Hi, my name is Sierra


I have heard many people argue against religious freedom at BYU by stating, “If you don’t think you can live according to the Honor Code, you shouldn’t go to BYU in the first place.” I believe that my story illustrates that it’s not that simple. The college years are a formative time in anyone’s life, and no one can predict the changes that will take place during those years.

Because I chose to graduate from high school one year early, I was applying to colleges at the tender age of 16. I grew up in a devout Mormon household, and BYU was the only college with which I was familiar.
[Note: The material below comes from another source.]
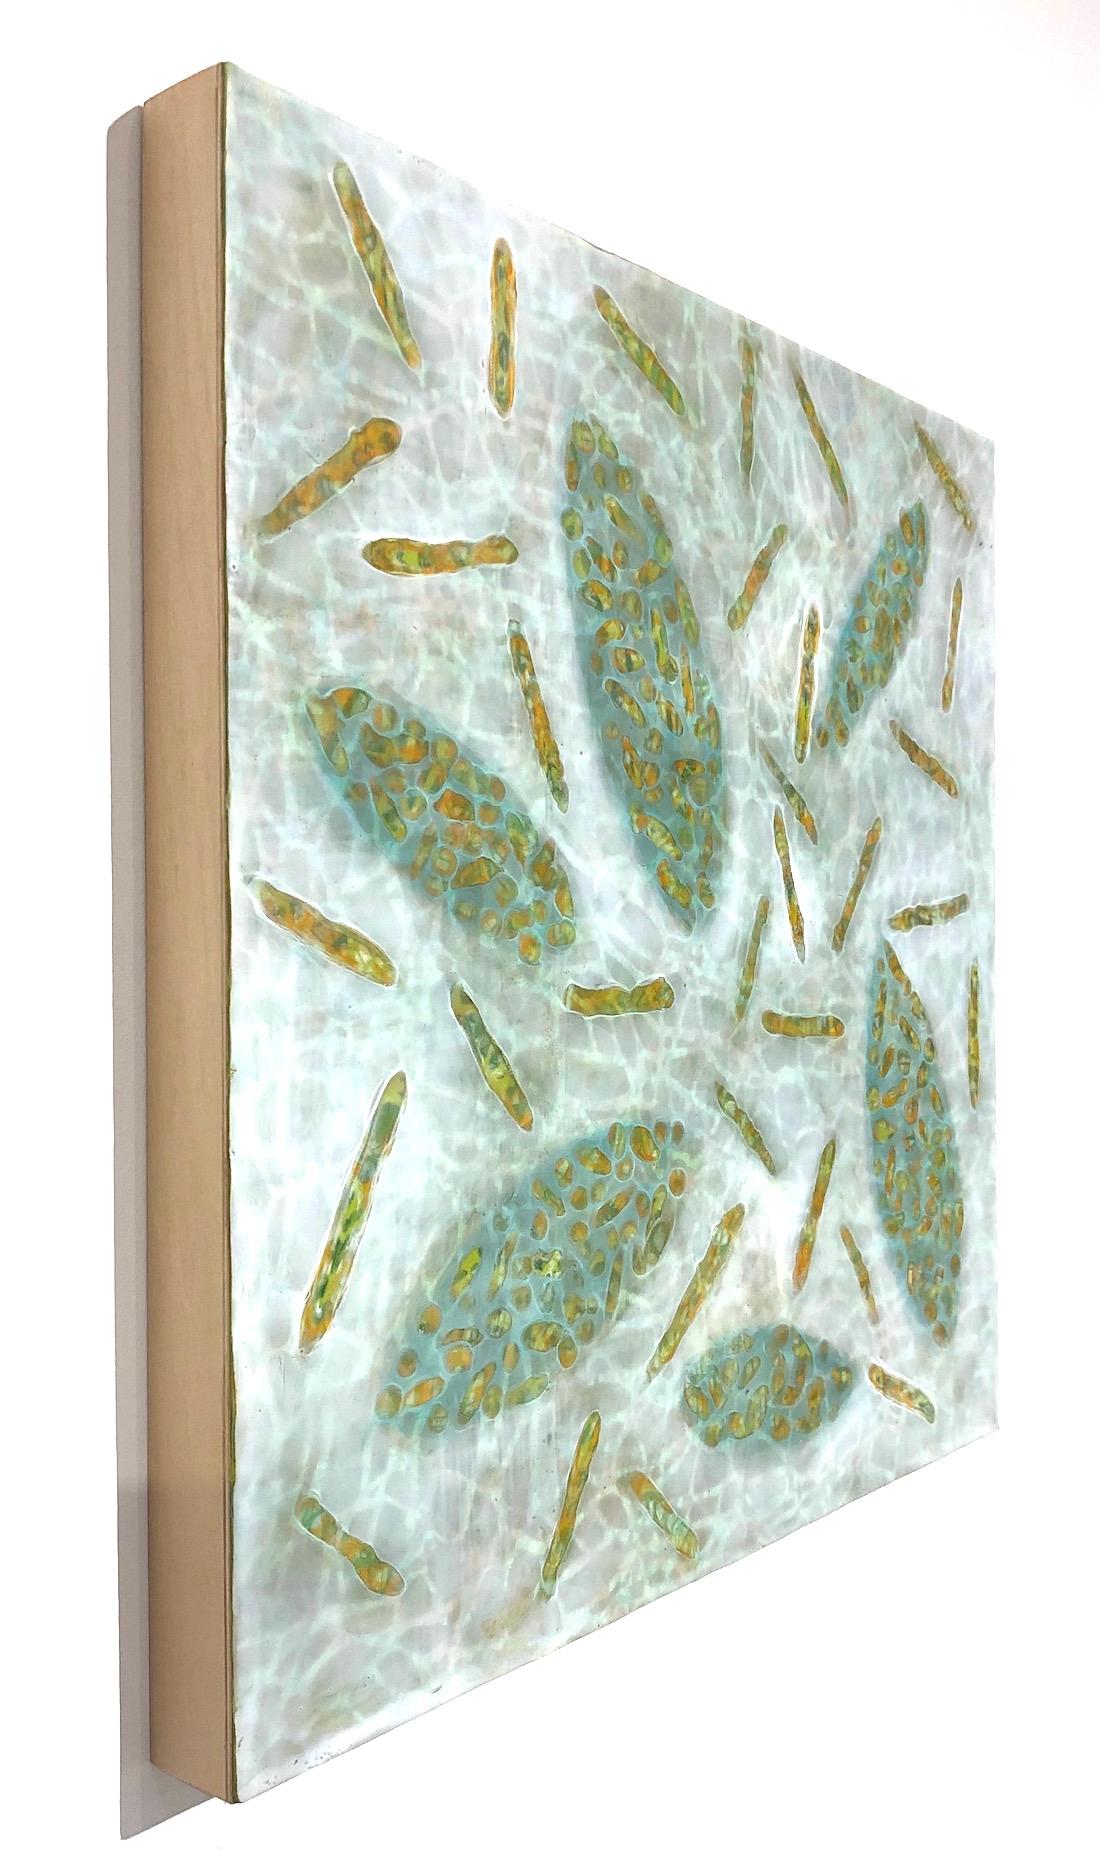 Kay Hartung’s “Bio Patterns 18” is a 20 x 20 x 1.5 inch encaustic painting composed of transparent layers depicting microscopic forms on a richly patterned background. In colors of green, white, yellow and orange, the transparent layers create a

I spent a few weeks of every summer on campus, attending EFY and various summer camps, so it was a natural choice for me. Furthermore, my parents told me that they would only pay for BYU’s tuition prices; if I decided to go anywhere else, I would have to cover the remainder of my tuition. This provided a strong economic incentive for me to attend BYU. Furthermore, I was only a teenager, and still very much subscribed to my parent’s belief system. I signed the Honor Code in full confidence that I would still be Mormon when I graduated in four years.
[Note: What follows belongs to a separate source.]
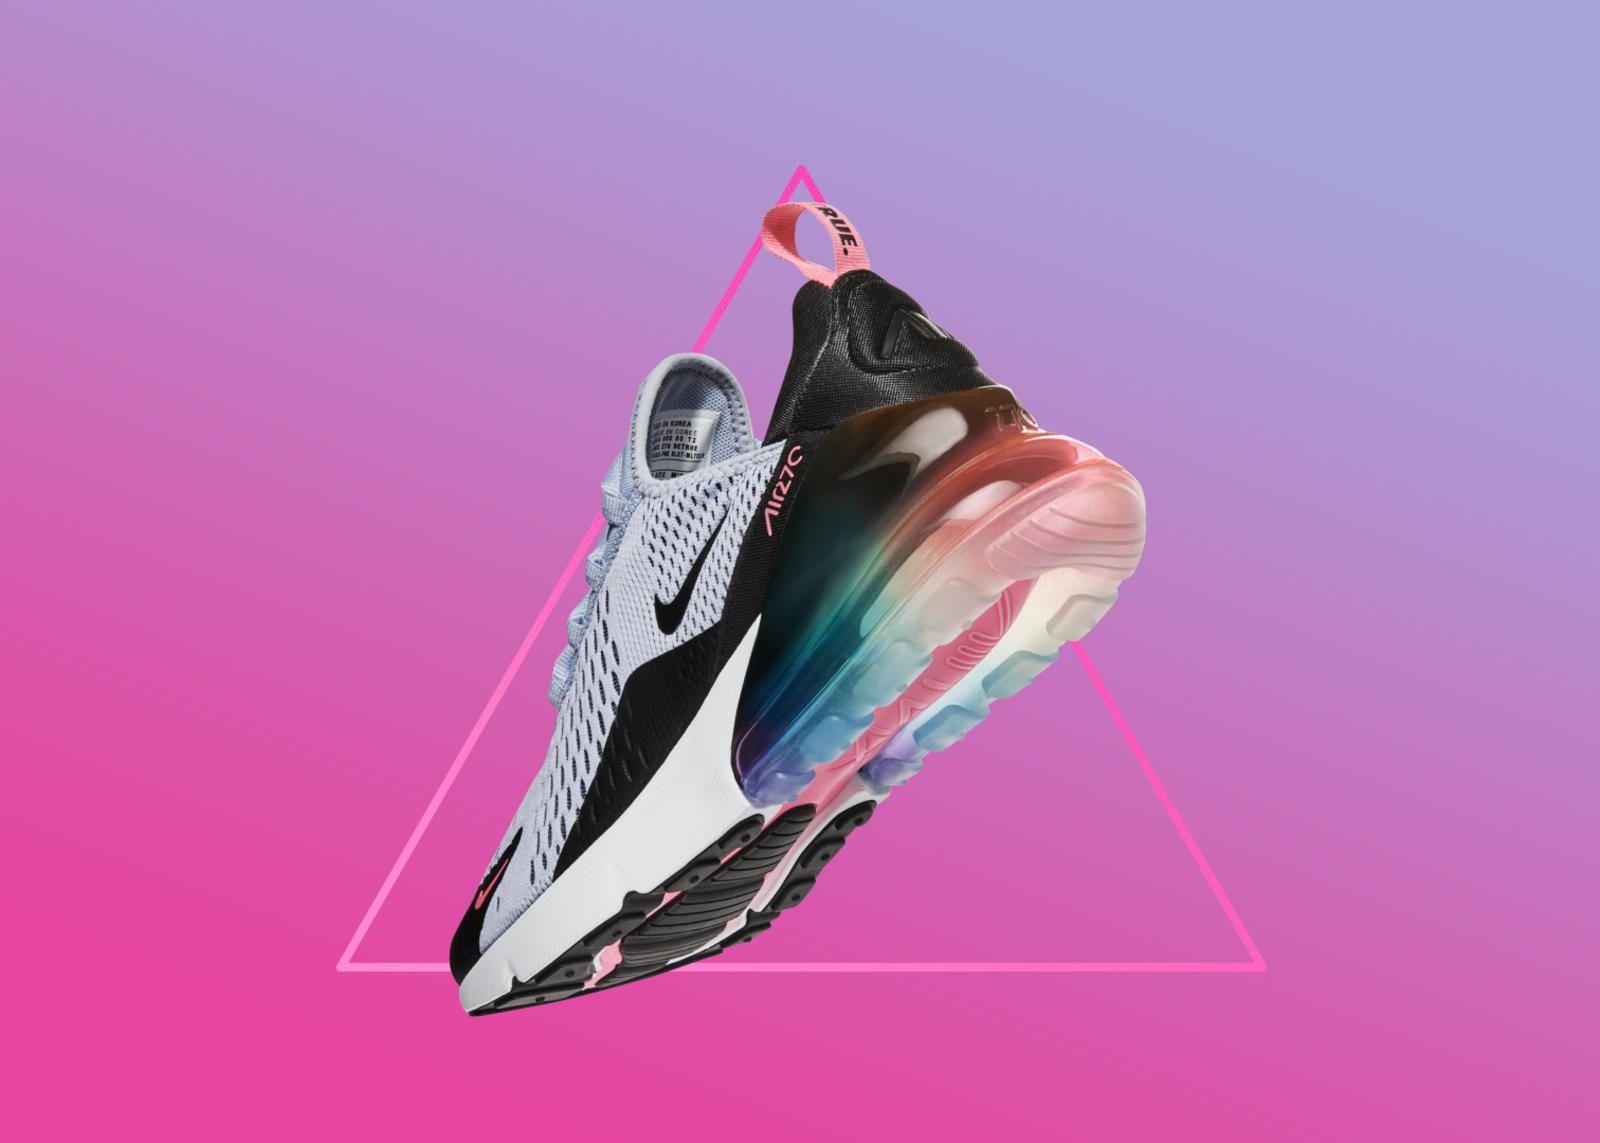 Nike Shoes with the Triangle Logo - Nike BETRUE 2018 Collection

However, the late teens and early twenties were a critical time of personal development for me. As I learned more about the Mormon faith, the sciences, and the world around me, I grew increasingly agnostic. As I developed my own system of ethics and morality, I felt that I could no longer abdicate my moral responsibility to the teachings of the church. By the time I graduated from BYU, I no longer felt comfortable calling myself a Mormon, and felt it was more accurate to describe myself as agnostic. I also did not feel comfortable signing the Honor Code for the last two years of my education.

While I was no longer religious, I still subscribed to a strong code of ethics, and my personal belief in honesty prompted me to approach Honor Code office in my final year at BYU to admit to some infractions that I had committed. This resulted in the delay of my graduation by four months as a punishment, which nearly resulted in me being unable to attend medical school. My final graduation date ended up being one week before medical school classes began. This type of delay was so unusual that my admission was nearly revoked.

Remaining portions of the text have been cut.